SDD (also: Spec-First, Specification-by-Example) is an engineering paradigm where:

  1. Specification precedes implementation — write the spec, then generate/write code
  2. Specs are executable — they double as tests (BDD scenarios, unit tests)
  3. AI assists spec-to-code translation — human validates, AI generates scaffolding

OpenSpec Format (used in PUMA)

# OpenSpec template
spec_id: "SP-[Component]-v[N]"
component: "[Agent name]"
version: "1.0"
status: draft | review | approved | deprecated
 
purpose: |
  [What this component does and why it exists]
 
inputs:
  - name: [input_field]
    type: [str | int | list | dict]
    description: [what it contains]
    example: [concrete example]
 
outputs:
  - name: [output_field]
    type: [str | int | dict]
    description: [what it contains]
    example: [concrete example]
 
behaviour:
  - given: [precondition]
    when: [trigger/input]
    then: [expected output/behaviour]
 
constraints:
  - [Technical constraint 1, e.g., "Must run on CPU with 16GB RAM"]
  - [Constraint 2]
 
acceptance_criteria:
  - metric: F1-macro
    threshold: ">= 0.55"
    dataset: jira-sr
  - metric: latency
    threshold: "< 60s per query"

💡 BDD — Behaviour-Driven Development

BDD translates specs into human-readable test scenarios using Given/When/Then:

Feature: Issue Triage Agent
  As a project manager
  I want the agent to classify issue priority automatically
  So that I can focus on high-value decisions
 
  Scenario: Classify a critical production bug
    Given a Jira issue with title "System crash in production — all users affected"
    And the model is llama3.2-8b with strategy few-shot-3
    When the triage agent processes the issue
    Then the predicted priority should be "Critical"
    And the latency should be less than 60 seconds
    And the response should include a reasoning trace
 
  Scenario: Handle ambiguous priority
    Given a Jira issue with title "Button colour is slightly off"
    When the triage agent processes the issue
    Then the predicted priority should be "Low" or "Medium"
    And confidence should be flagged as "low"

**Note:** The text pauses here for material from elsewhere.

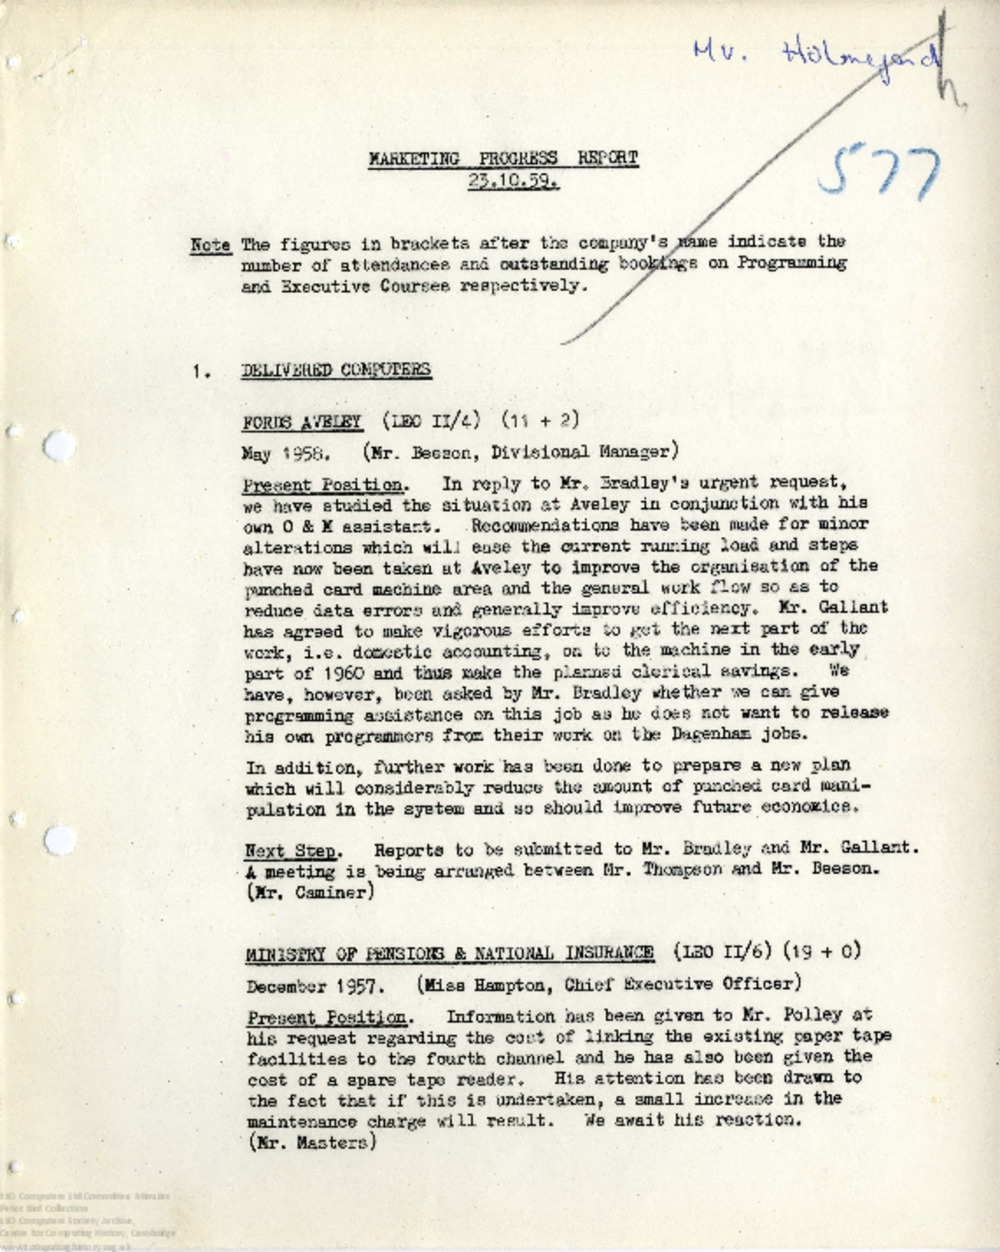 Article: 64482 Consultancy and Marketing Progress Report, 23rd October 1959

💡 BMAD — Brainstorm · Map · Architect · Develop

BMAD is a workflow for AI-assisted system design:

PhaseActivityAI RoleHuman Role
BrainstormGenerate component ideasPropose optionsSelect + filter
MapCreate architecture diagramDraft relationshipsValidate logic
ArchitectWrite OpenSpec for each componentGenerate spec templateReview + approve
DevelopGenerate code from specScaffold implementationReview + test

BMAD applied to PUMA Triage Agent

B: Brainstorm — What components does the triage agent need?
   AI: "Possible components: prompt builder, Ollama client, 
        output parser, metric calculator, carbon tracker, logger"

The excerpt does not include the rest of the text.